The original house, dating to the 1830s, was a regionally distinctive, raised Creole cottage style dating to the 1840s, up to 1851; it had a two-story brick basement, raised galleries on the front and back, and ringed by over twenty 18" brick Tuscan columns. This house was burned in 1864 by the Union General Banks as his army retreated after the battles of Mansfield and Pleasant Hill.

HABS drawing of the Blacksmith Shop at Magnolia Plantation

The present "big house" is a late-nineteenth-century interpretation of the raised Creole cottage traditionally built in the Cane River area, adapted to modern materials, technologies, and tastes. As one of the largest plantation homes in the area, Magnolia's big house reflects the wealth, status, and endurance of the Hertzog family at the end of one of the most turbulent periods in Louisiana history. The house tells much about the history of planter society, agriculture, and the rural South since the colonial era.

The big house is listed in the National Register of Historic Places and the plantation complex is a National Historic Landmark. The complex is documented by the Historic American Buildings Survey.

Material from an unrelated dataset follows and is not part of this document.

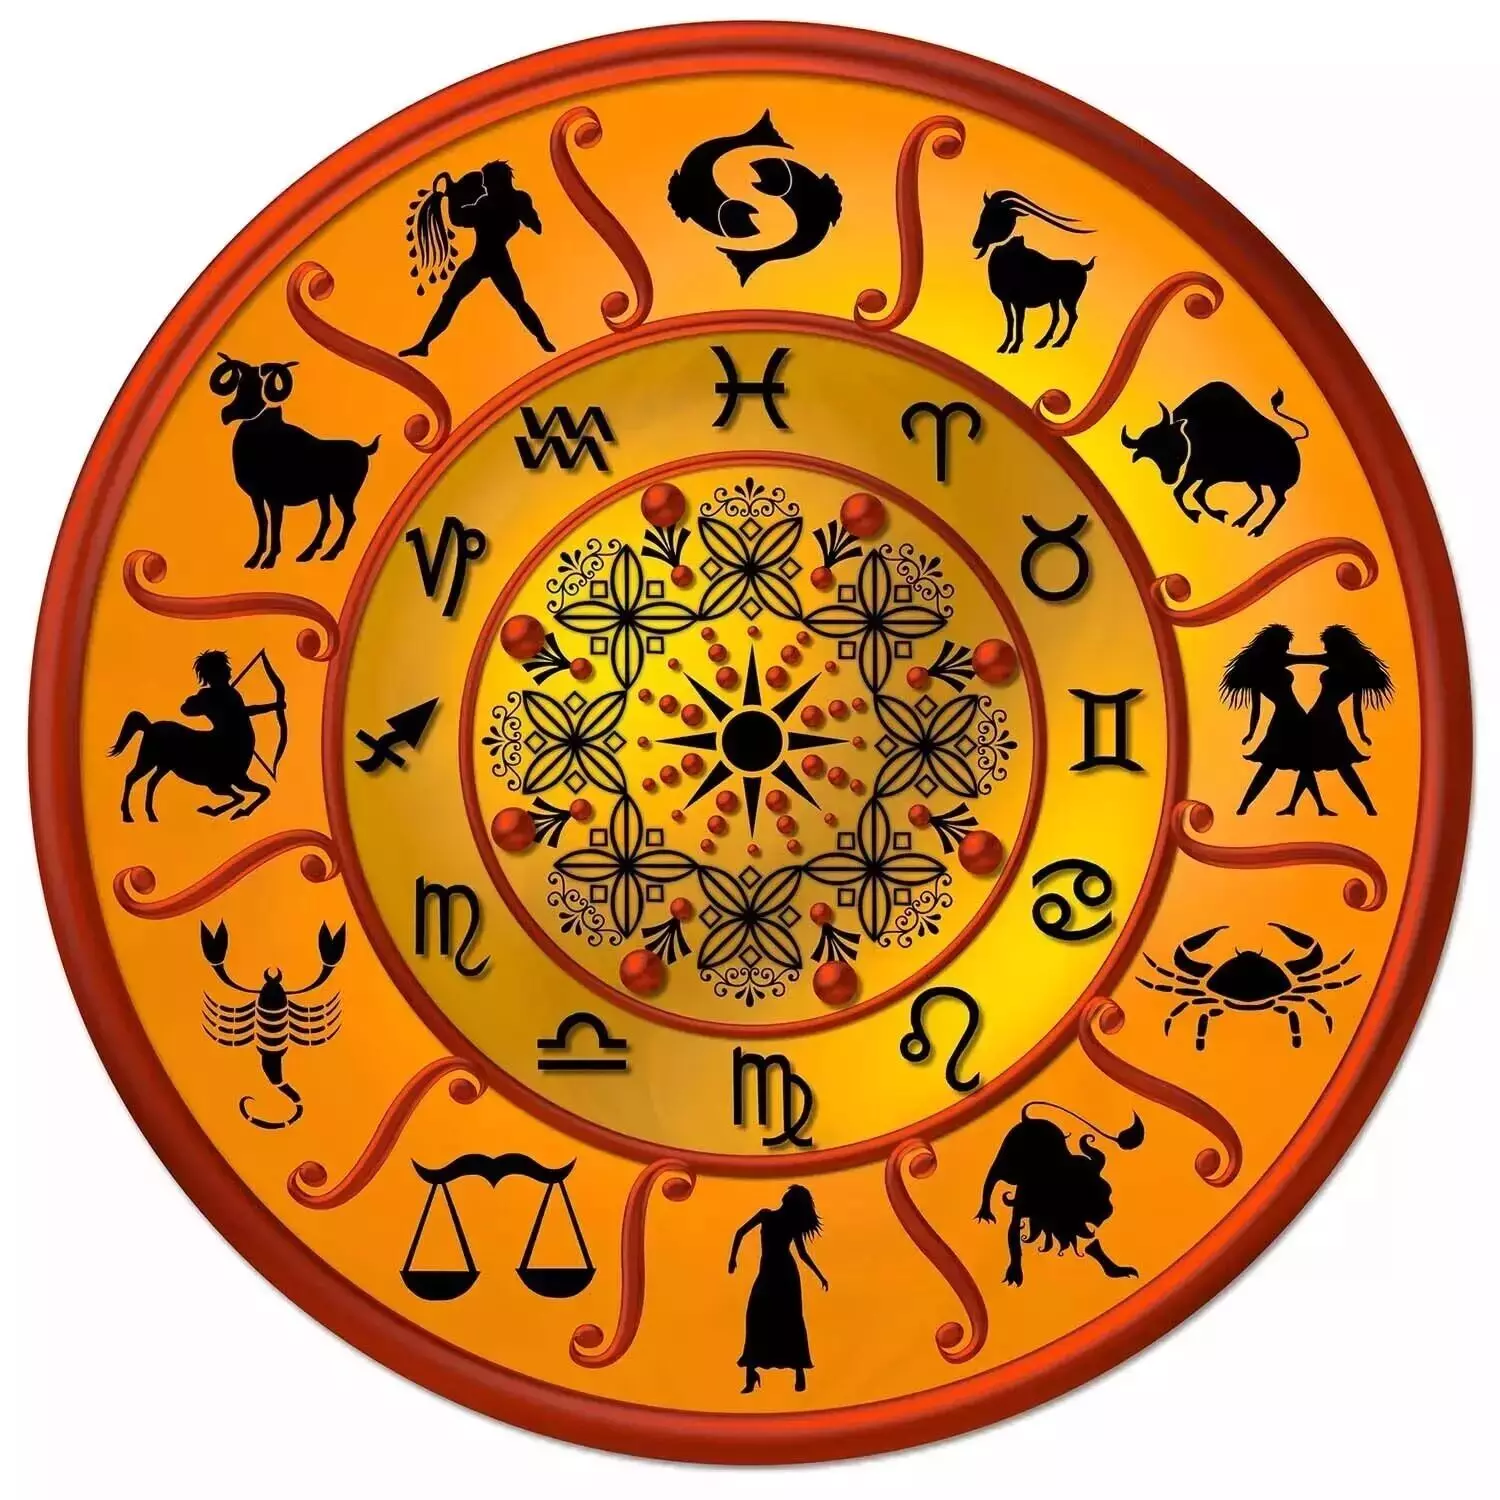 04 July  – Know your todays horoscope

The United States Department of Agriculture recognized Magnolia Plantation in 1989 as a National Bicentennial Farm, one of only two farms west of the Mississippi River that had been in the same family for over two hundred years. Congress established the Cane River Creole National Heritage Area in 1994, and the 19-acre Magnolia Plantation Complex was added to the Cane River Creole National Historical Park in 1996. Descendents of the original land grant recipients retain ownership of the Magnolia big house and plantation, and the agricultural lands remain in production.